The outlaws are at a distinct disadvantage to Hackman's hunting party since they're picked off from afar with the aid of very long range rifles. This leads to some absolutely horrific and dishonourable
killings, including one person slain whilst taking a dump. As the film progresses, both men exhibit their stubborn ignorance in recognising the self-destructive paths they’re headed. Thus, it’s generally a downbeat affair as far as Westerns go. The one moment of light relief is the brief peaches scene highlighting the blossoming Stockholm Syndrome between Bergman and Reed.
This is a morally grey film with no real heroes... anywhere. Hackman is the films villain.

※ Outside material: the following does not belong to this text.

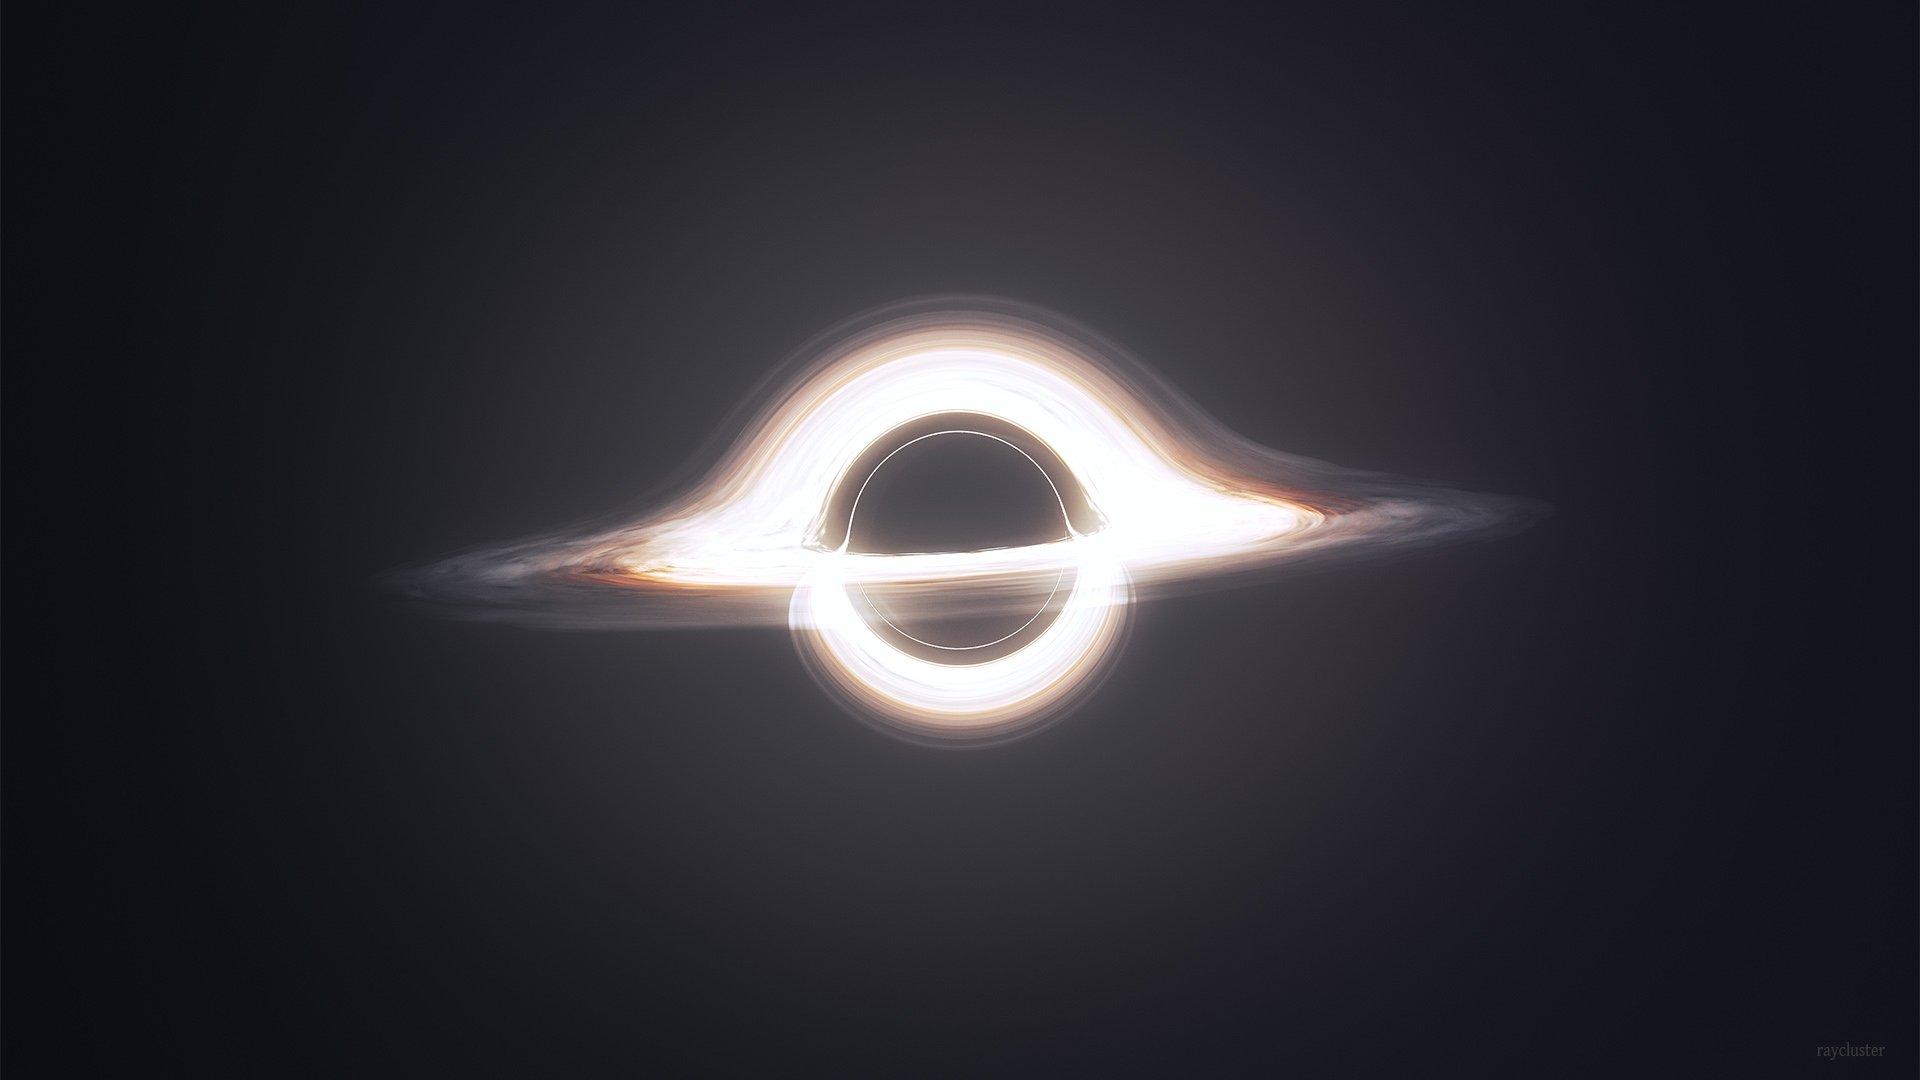 2560x1440 black hole - photo #27

Bergen is nothing more than a trophy wife to him; her abduction is seen as a slight upon his manhood rather than motive to rescue her. To add further to this, Bergen’s feelings for her captor is makes her another target in Hackman’s sights. On the morality scale, 'good' is completely absent. In one notable scene where Hackman wastes away various outlaws upon a bell tower, Bergen yells for Reed to take her with him while making a getaway. This wounds Hackman's pride even further; spurring him even to follow the pair through a desert during the film's memorable downbeat finale.
Outside of television work, Don Medford only helmed one other theatrical film, The Organisation (1971), which was the third entry in the Virgil Tibbs movies with Sidney Poitier - also released in the same year. A shame really, as the downbeat Corbucci veneer would have been a perfect fit for the rest of the nihilistic seventies. There's also Riz Ortolani's superb theme furthering the strong Spaghetti Western influence on the film.
Definitely not a film for everyone, in fact, it isn’t an understatement to consider The Hunting Party as a highly offensive film for today's sensibilities. Definitely not for a "modern audience". Personally, I was hooked by this bleak Western; its virtual two hour run time flew by, it was that engrossing. It's possibly in the same league as Joaquín Luis Romero Marchent's notoriously violent Cut-Throats Nine (1972) and Lucio Fulci's utterly miserable The Four of the Apocalypse... (1975) as far as depressing Westerns go. That lot make The Great Silence look like Way Out West (1937) by comparison, but The Hunting Party is better than either of those. Worth checking this out for Hackman’s and Reed’s performances; particularly the latter, as it was his one and only Western.